Les enseignants ont protesté contre les initiatives du chef de l’Elysée, le système éducatif français étant dans une période tumultueuse. La réforme de l’éducation a été l’un des points essentiels du programme électoral de Nicolas Sarkozy, mais sa mise en oeuvre se révèle difficile à atteindre.
Récemment, les forces de l’ordre ont dû utiliser des gaz lacrymogènes contre les enseignants, qui ont jeté au nez des agents de police leurs chaussures et d’autres objets, pour protester contre les changements qui permettraient de réduire les postes d’enseignants.
Le gouvernement veut moderniser le système d’éducation afin qu’il puisse mieux préparer les étudiants pour le marché du travail. “Nous avons besoin de réformer l’ensemble du processus de choix de la carrière pour mieux synchroniser les aspirations des jeunes avec les possibilités qui leur sont offertes”, a expliqué le Ministre de l’éducation, Xavier Darcos.
La réforme vise à accroître la performance des collèges, en éliminant certaines disciplines qui surchargent les programmes scolaires. De plus, le gouvernement désire développer le système privé d’éducation et mettre en compétition les écoles d’Etat avec celles privées. Les enseignants craignent la réduction des postes d’enseignants dans les collèges et affirment que cela conduira à la surpopulation des classes. On prévoit qu’un total de 13.500 postes d’enseignants serait réduit au cours de l’année prochaine.
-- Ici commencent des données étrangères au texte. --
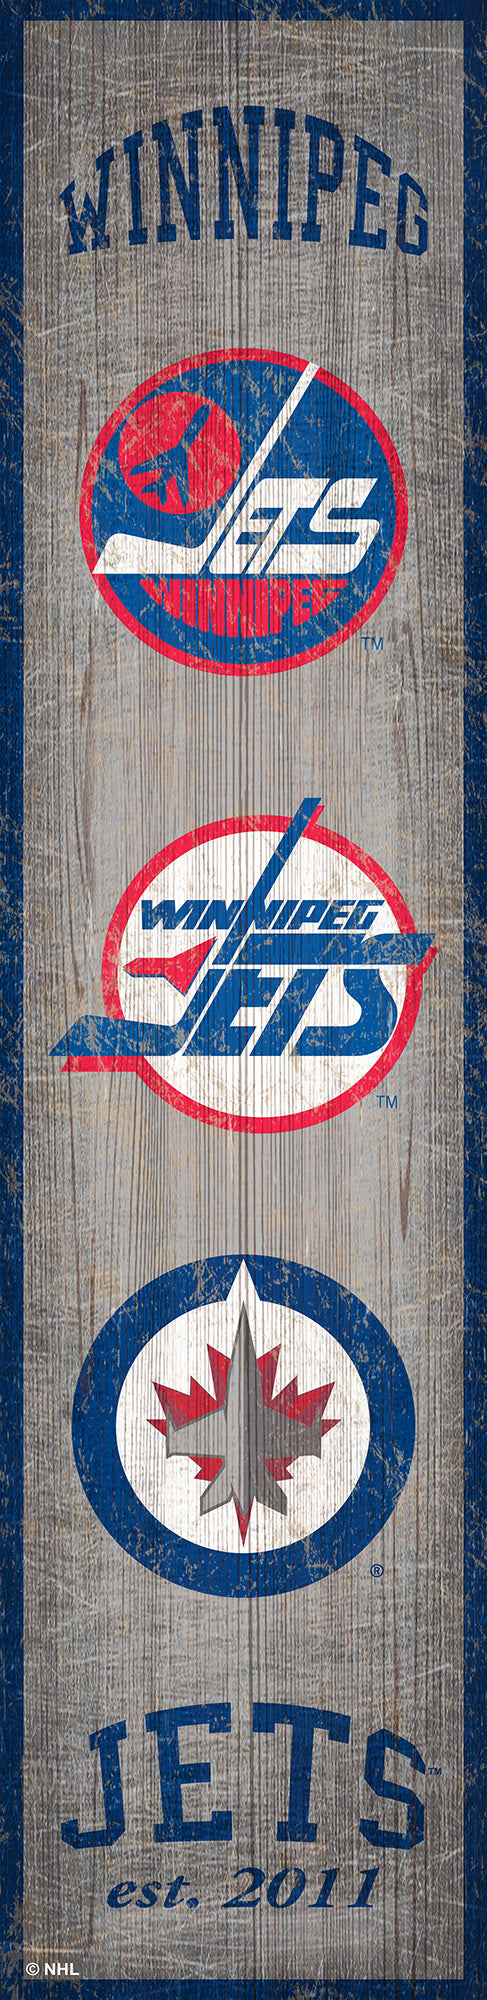 Winnipeg Jets Heritage Banner Wood Sign - 6

Nicolas Sarkozy a dû ajourner avec un an la mise en œuvre de ces mesures. La décision a été prise en décembre, lors des révoltes violentes des lycéens. Les jeunes ont barricadé les entrées dans les écoles, les chemins de fer ont été bloqués et il y a eu des confrontations violentes avec la police. Plusieurs lycéens ont été arrêtés à Lyon, où une voiture a été incendiée et cinq policiers ont été blessés.
Sarkozy a argumenté sa décision d’ajourner la réforme par ses craintes liées au déroulement de protestes des
lycéens en même temps avec ceux qui se passaient à cette époque-là en Grèce, comme réponse à l’assassinat d’un adolescent par la police d’Athène. “Quand je vois les gens se confronter avec une telle violence, évidemment, je pense deux fois avant de prendre une décision”, a déclaré Sarkozy.
L’écrivain et le philosophe français, Chantal Delsol estime dans un éditorial du journal “Le Figaro” que “la
situation actuelle des jeunes n’est pas terrible en soi, mais en rapport avec les attentes du public et le progrès espéré. Nous avons imposé à nos enfants certaines normes imbéciles et nous leur avons imprimé continuement le mépris pour le métier de plombier. On leur a dit que tous doivent être des intellectuels et qu’ils ont le droit à un emploi à leur choix. Des mensonges. Un pays ne peut pas être entièrement peuplée par des avocats, des mèdecins, d’enseignants ou de chercheurs scientifiques”, écrit Delsol.
Un élève sur cinq quitte ses études sans avoir un diplôme ou une qualification, chaque année. Le taux de chômage est élevé chez les jeunes tandis que, paradoxalement, dans de nombreux secteurs, les entreprises ont des difficultés à trouver des employés. L’existence des “étudiants fantômes”, qui s’inscrivent à l’université uniquement pour bénéficier de certains avantages, ce qui signifie parfois la perception d’une somme de 200-300 euros par mois, sans participer aux cours ou aux examens.